In this Wordorigins.org thread, Syntinen Laulu asked about an obscure French culinary term, beuchelle à la tourangelle, “lamb’s kidneys and sweetbreads in a cream sauce flamed off with cognac”:
I couldn’t help being struck by the similarity of the name to the traditional Viennese dish Beuschel. Beuschel isn’t the same of course – it’s made of calf heart and lungs. But it is also a ragout of offal in cream sauce, and that’s a fairly close similarity.
So, it seems to me there are roughly three possibilities:
1. Pure coincidence, which as we all know can perfectly well throw up pairs of similar but unrelated words in different languages.
2. Direct borrowing, e.g an Austrian cook living in Touraine might have devised a little ragout of lamb’s offal and named it after the offal ragout of his home town. […]
3. The existence of a root word, maybe Old Germanic, meaning perhaps something like ‘offal’ or ‘stew’, outcropping in both French and Austrian German.
As I said in my response:
Neither the Trésor de la langue française informatisé nor the Dictionnaire de l’Académie française has “beuchelle,” so it’s definitely a very marginal part of the French vocabulary. While I’m normally quick to remind people about the possibility of coincidence in such matters, here it seems to me far more likely that the French is borrowed from the German; the details of the offal involved are exactly the sort of thing that would be likely to vary. But I’ll be interested to see if anyone knows more.
Thoughts?
Borrowing eu as eu wouldn’t even have to go through the spelling: the Viennese pronunciation of eu is something close to the half-mythical [ɶ].
German Wikipedia says the term is general for all kinds of organs (and that “Beuscheltelefon” is dialect for “stethoscope”!), so variations in the ingredients probably aren’t that big of a deal.
This has “Beuschel” as a variant of onomatopoetic “Bausch” …so I now wonder how related “Beuschel” might be to other suspiciously similar words like pouch, bushel, German “Bauch”, “Pauschal”, etc.
half-mythical [ɶ]
There’s nothing mythical about [ɶ] at all, it’s completely standard for post-rhotic /œ/ in Danish.
/ɶ/ is of course another matter.
If you can’t make sense of the above, your default web font has the same merger of œ (U+0153) and ɶ (U+0276) as mine. Try copy-pasting into a text editor and playing with the font settings. On my Mac (OS X 10.10.5), Helvetica conflates them (both look like U+0153) and Arial does not.

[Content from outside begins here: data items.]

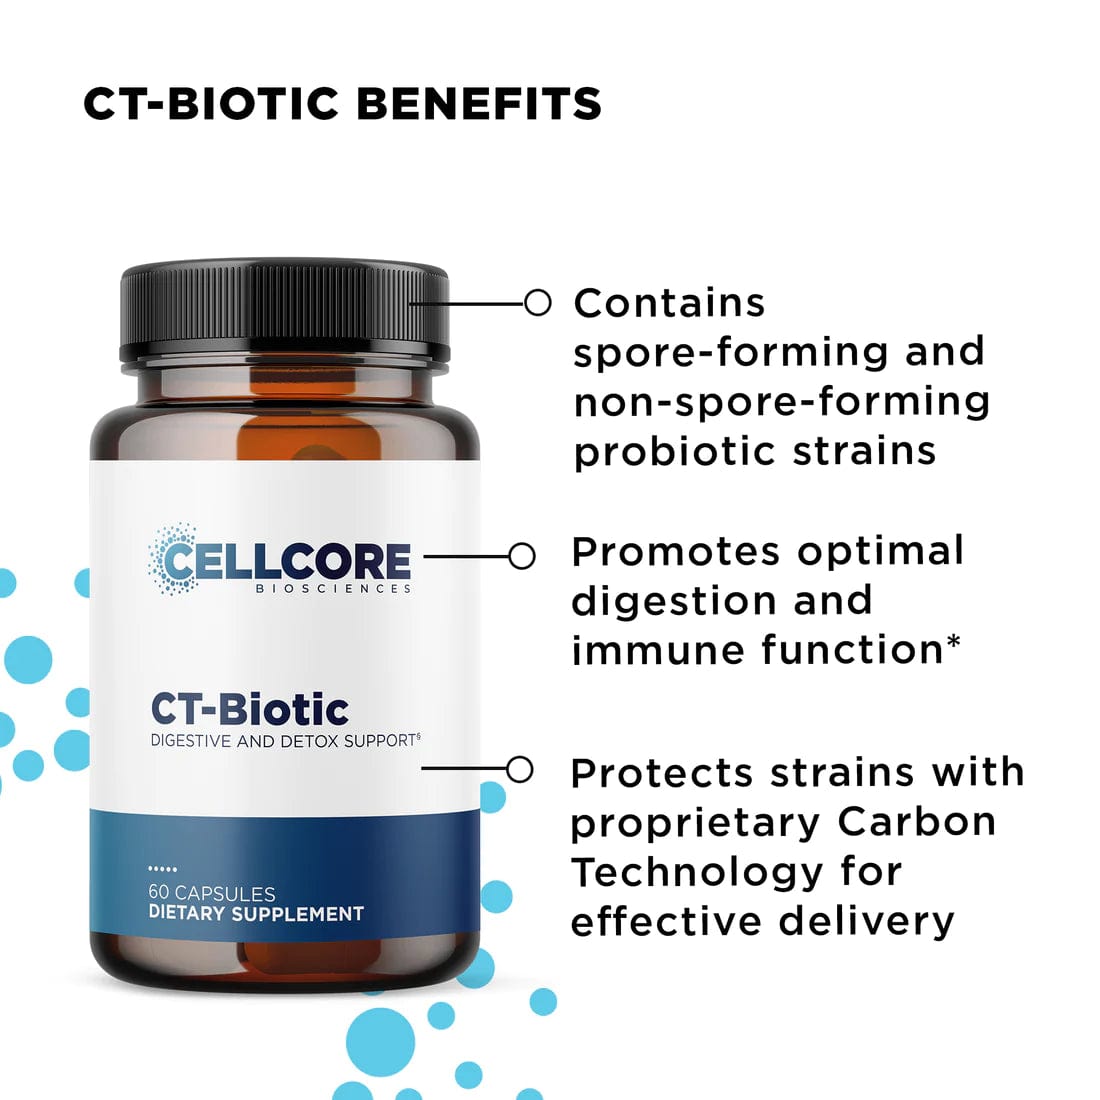 CellCore Biosciences Nutritional Stomach Support Kit by CellCore Biosciences
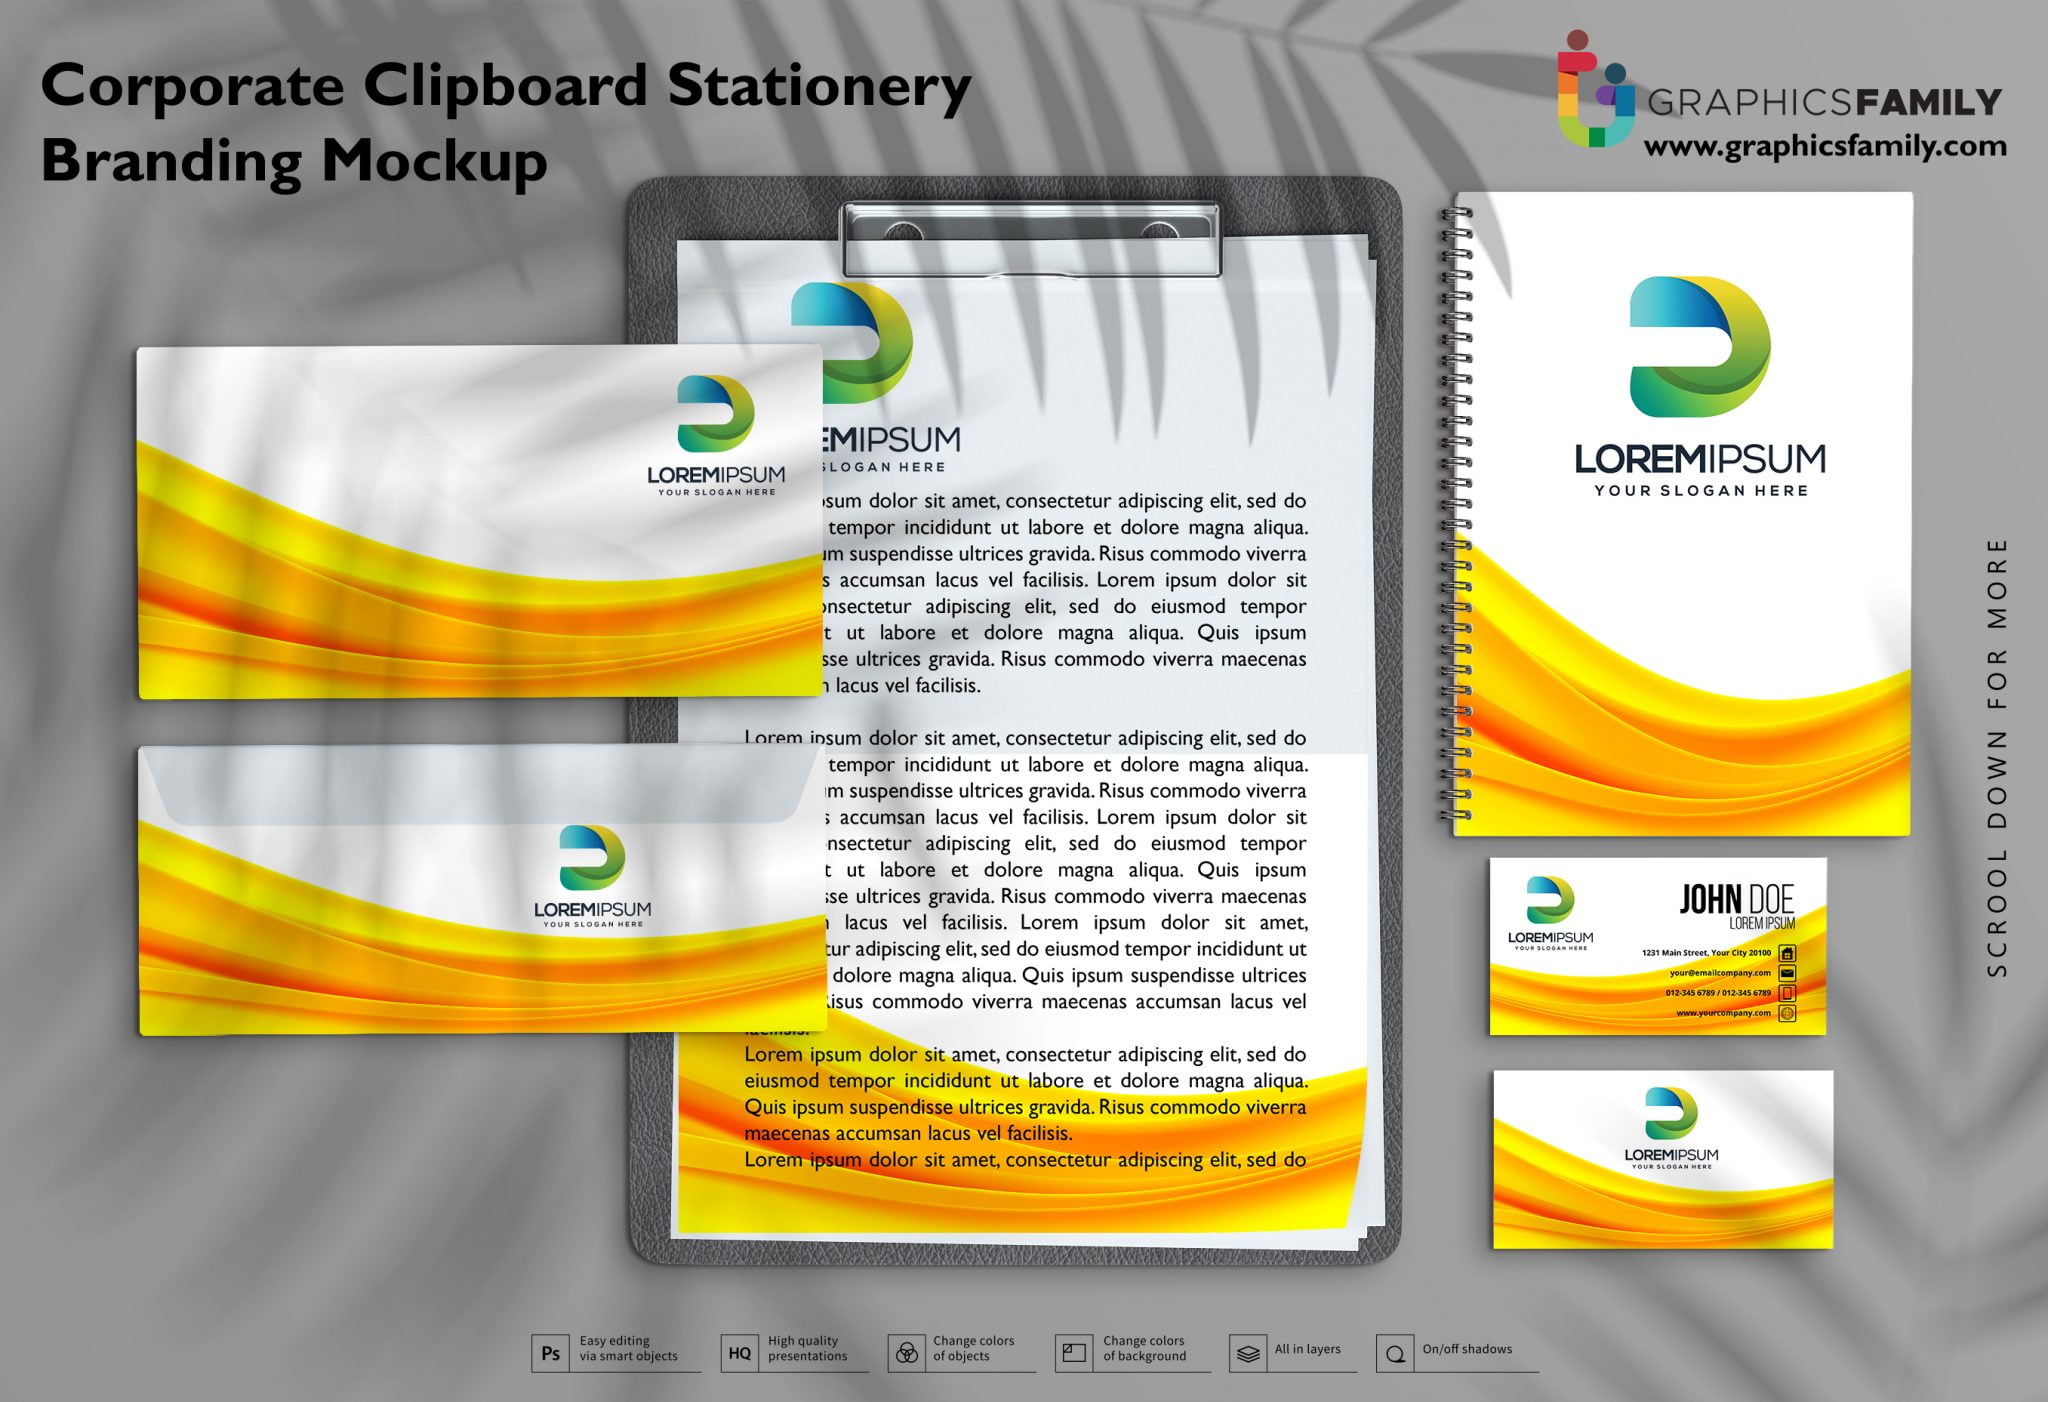 Download Corporate Clipboard Stationery Branding Mockup ...
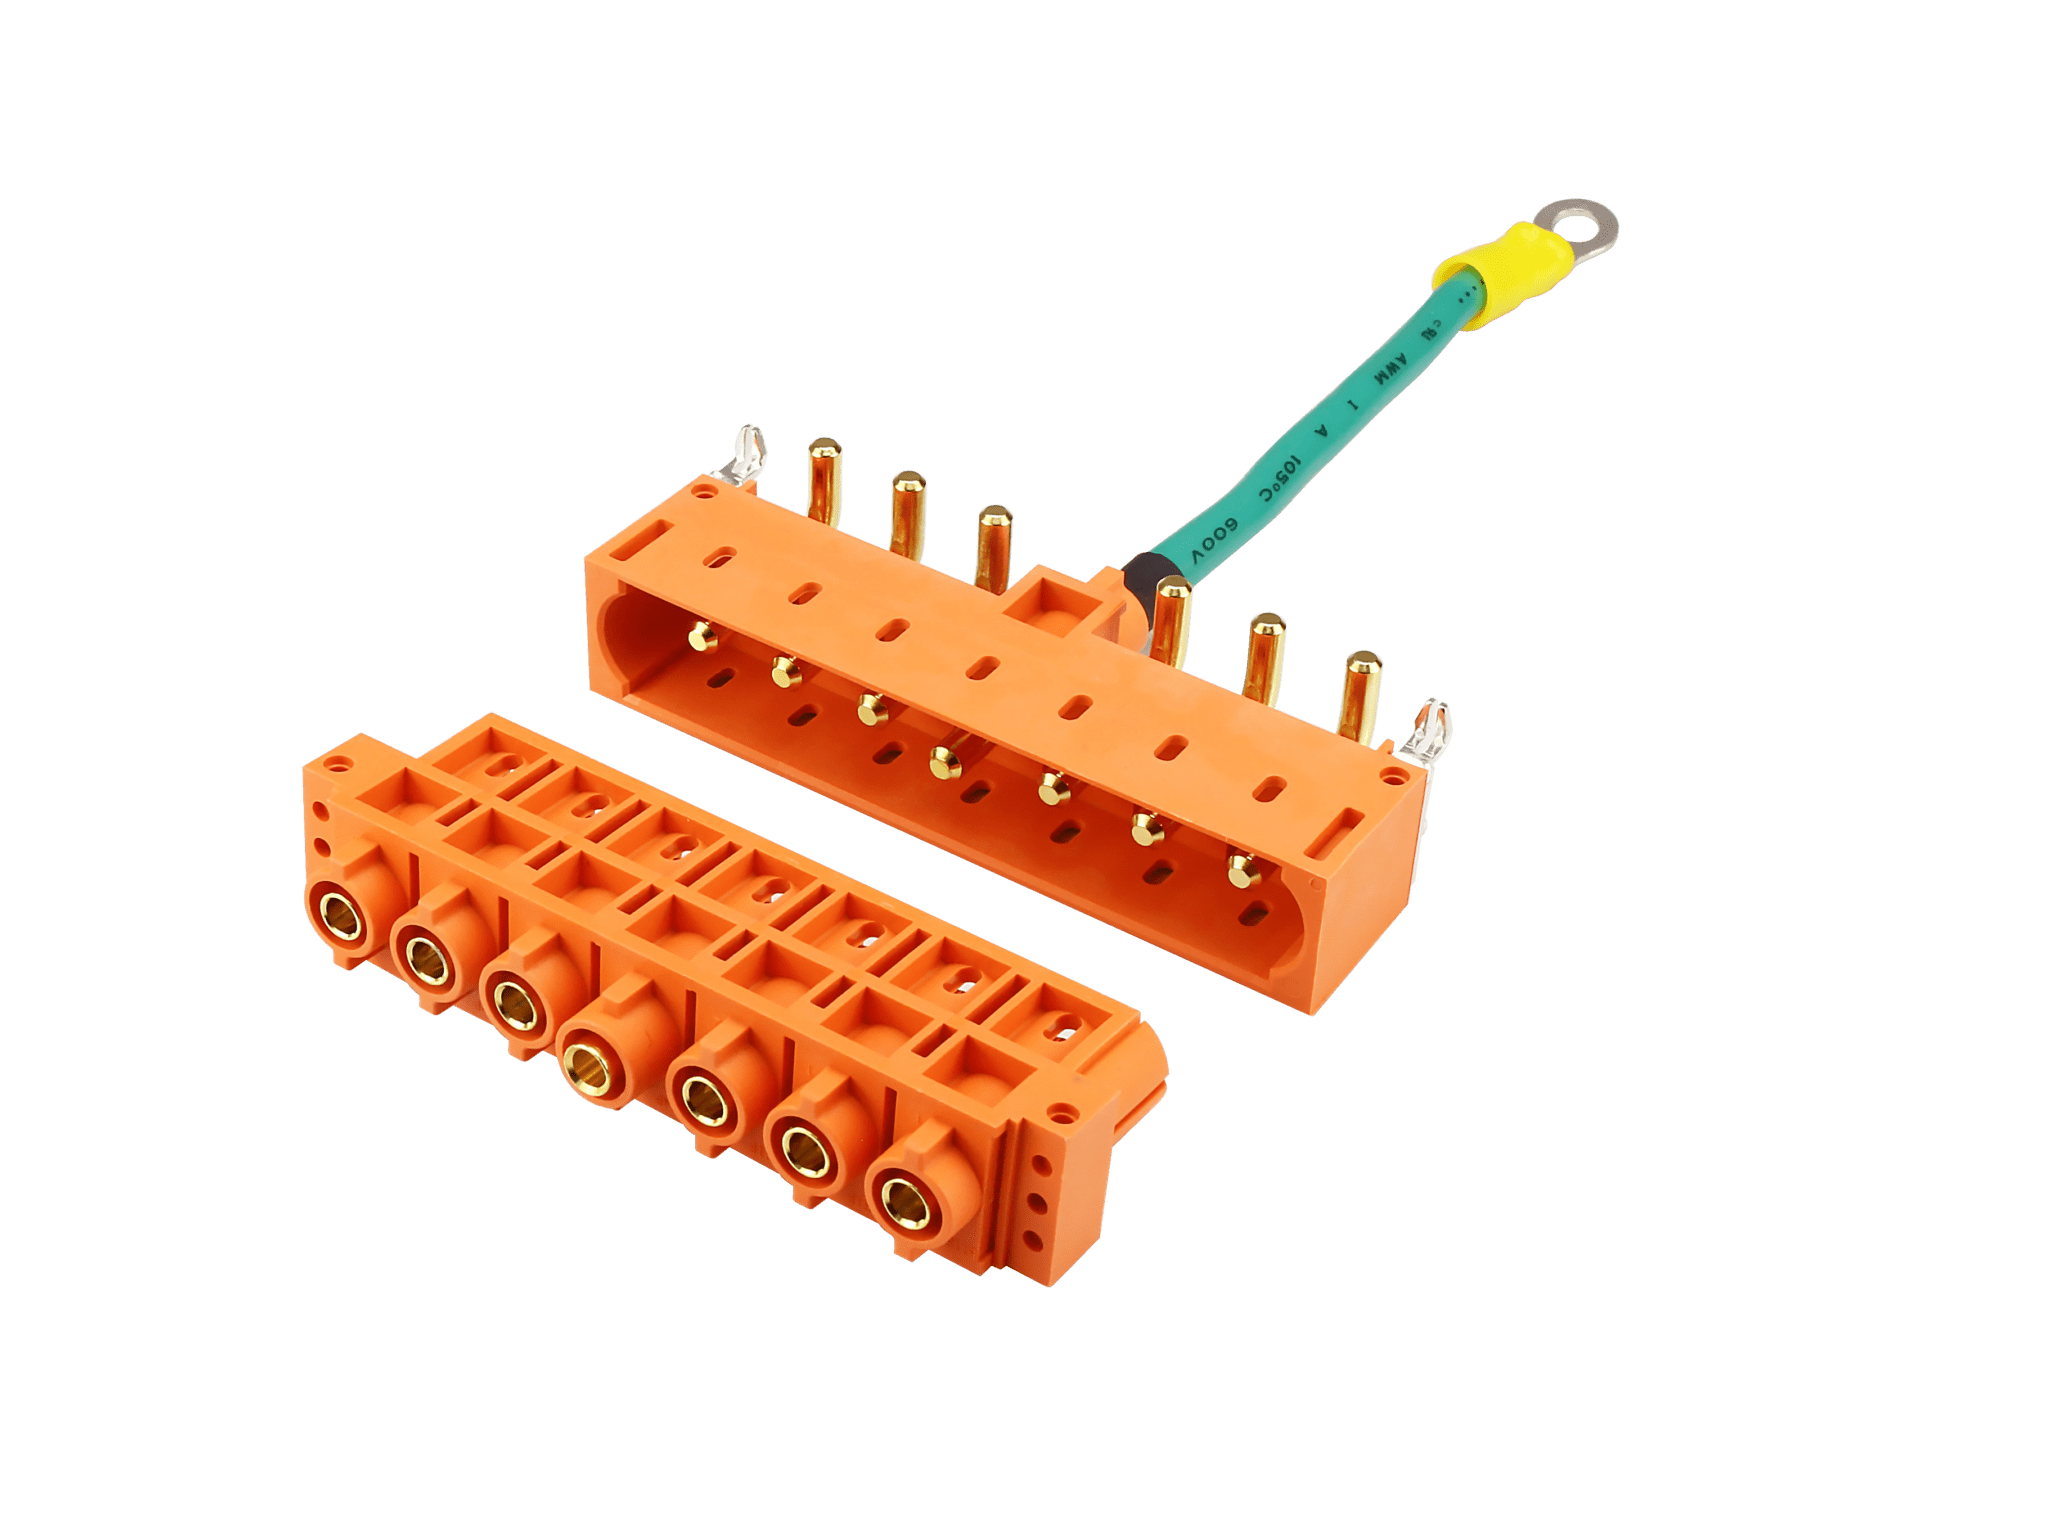 BizLink high-power connectors
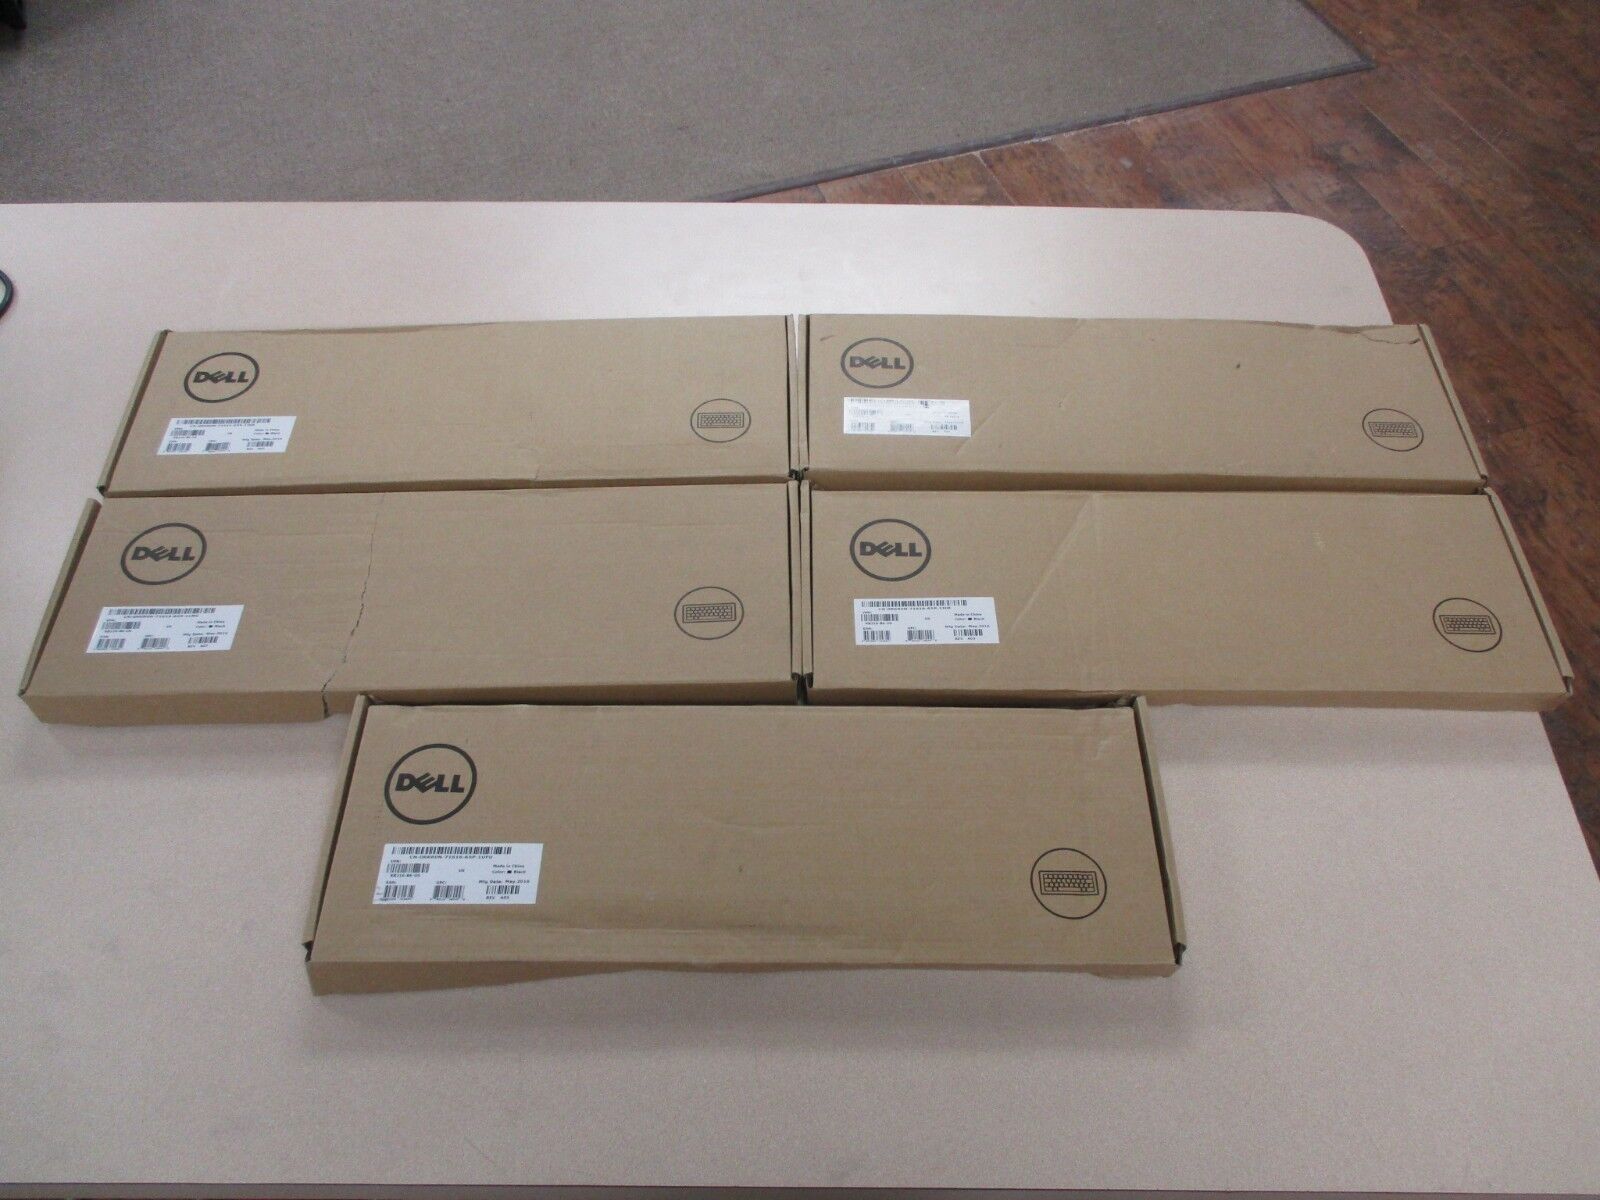 Lot of 5 NEW Dell Keyboard KB216 USB 104 **DISTRESSED BOX SEE PICS/ DESCRIPTION*

Here’s a connection with Austria: a (famous?) cook from Touraine called Edouard Nignon (1865-1934) worked for Franz-Joseph of Austria. This link says he “reinvented” an old dish of offal and “sauce Blanche”. The implication is that he exported it to Austria, hence the naming similarity. Since no sources are given, I can’t vouch for the truth of the assertion, but I’d say it’s an interesting candidate.
Here’s Nignon’s recipe being described with the German word: http://www.rollingpin.at/magazin/rezepte/calamari-beuschel/
“Beuschel” is pronounced [baiʃl] in Vienna. I only know it as a way to jokingly refer to the human lung, and of course the dish. (eu), (äu) or other creative spellings are sometimes used to render the Viennese [ɶ] sound resulting from some vowels + /l/, but this is not such a case.
It’s clearly a diminutive of “Bausch”, so something puffed up. According to Kluge, it originally was used to refer to bunched up clothes, then innards. The use for the dish seems to date only to the 19th century.
Danish is legendary itself :-þ
Yes, and the eastern Austrian dialects are supposed to have a distinction between /œ/ (el) and /ɶ/ (eu/äu/eil). This sounds right from my experience in Vienna, though I can’t think of a minimal pair right now.
Yeah, i lookd up in the Kluge too, it seems cleer that ‘beuschel’ is the original word, coming from ‘bausch’, meening wad, bundle of fluf. And the Nignon conection seems cleer too. So probbably he lernd the recipe in Vien and braut it bak to Tourain, using just lams kidnys. If he had braut it from Tourain to Vien, the dish would hav alreddy a name, an originaly french name. And he certanly would keep it in Austria, since dishes with french names sound mor delicius for the speekers of enny other languages (exept for chinese and the like, who hav no idea of the difrences between european nations).
Photo of Wiener Beuschel
Looks tasty!
(How did I miss this last time? – I found this now while looking for something completely different.)
There is no [ai] or even [ɛɪ] in Vienna; do you mean ei, i.e. [ɛ̞]? That would indeed argue for a derivation from Bausch.
I’m glad you ran across that and responded; I’d been wondering which was correct (way back in 2016, not recently).